The Translate Toolkit might have changed how it functions in certain cases. This page lists what has changed, how it might affect you and how to work around the change either to bring your files in line or to use the old behaviour if required.
This section describes the changes in the (unreleased) development files. It should reflect upcoming changes in the next version of the toolkit.
From version 1.0.1, pot2po will create empty PO files corresponding to new POT files that might have been introduced. If some new POT files are present in the input to pot2po, you will see a new PO file appear in your output directory that was not in your templates (old PO files).
Many toolkit tools that only worked with PO files before, can now also work with XLIFF files. pogrep, pocount, pomerge, and pofilter all work with XLIFF, for example.
All XML formats should now be more human readable, and the converters to Qt .ts files should work correctly again.
Fuzzy matching can now be entirely disabled in pot2po with the --nofuzzymatching parameter.
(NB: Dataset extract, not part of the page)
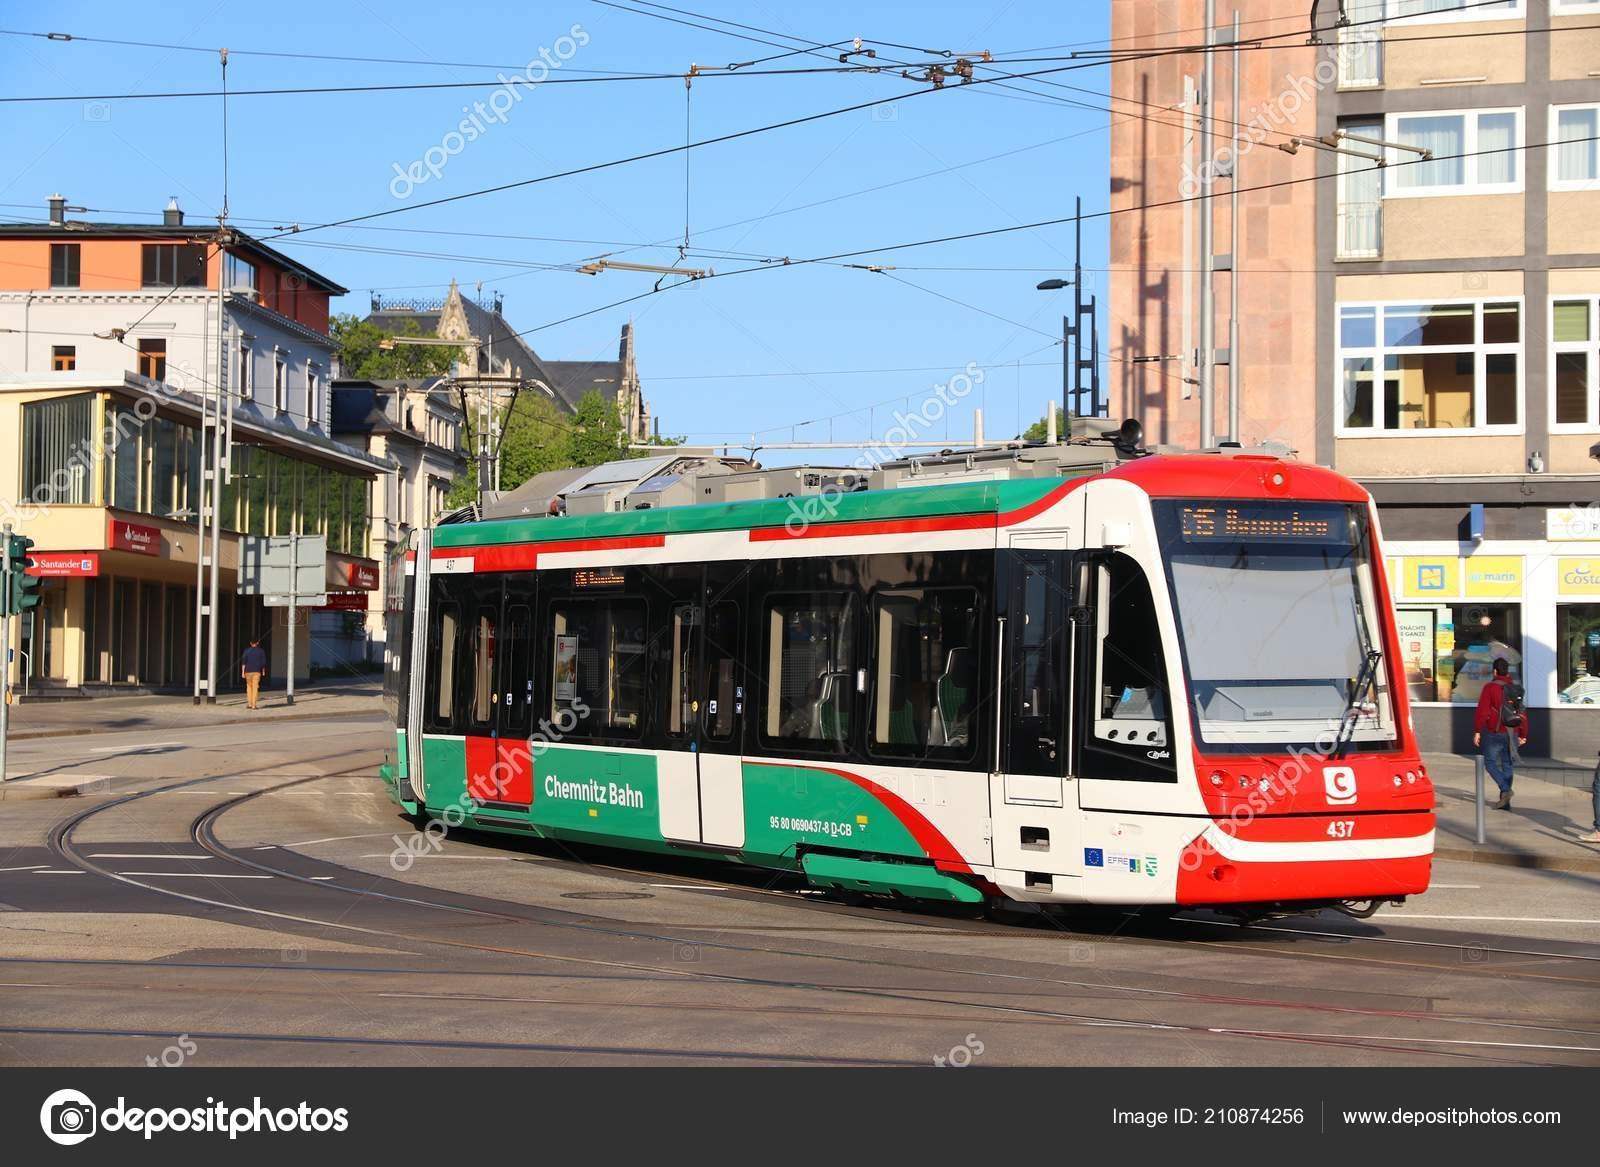 Chemnitz Germany May 2018 City Bahn Chemnitz Cbc Electric Tram
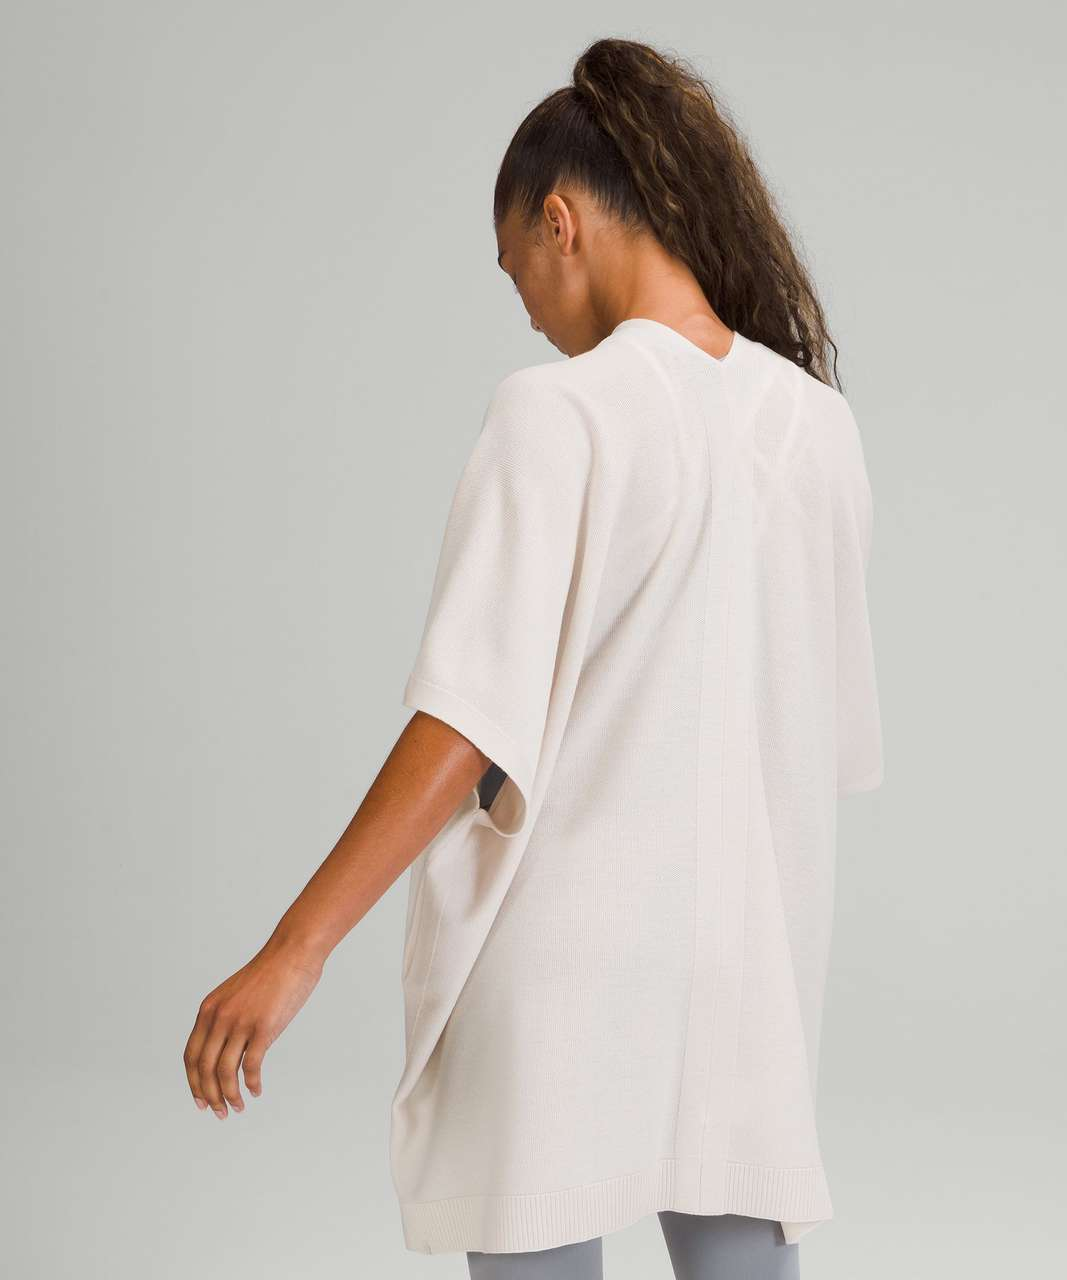 Lululemon Merino Wool Short Sleeve Wrap - White Opal

This should make it much faster, although pot2po is substantially faster than earlier versions, especially if python-Levenshtein is installed.
The toolkits output PO format should now resemble Gettext PO files more closely. Long lines are wrapped correctly, messages with long initial lines will start with a ‘msgid ““’ entry. The reason for this change is to ensure that differences in files relate to content change not format change, no matter what tool you use.
To understand the problem more clearly. If a user creates POT files with e.g. oo2po. She then edits them in a PO editor or manipulate them with the Gettext tools. The layout of the file after manipulation was often different from the original produced by the Toolkit. Thus making it hard to tell what where content changes as apposed to layout changes.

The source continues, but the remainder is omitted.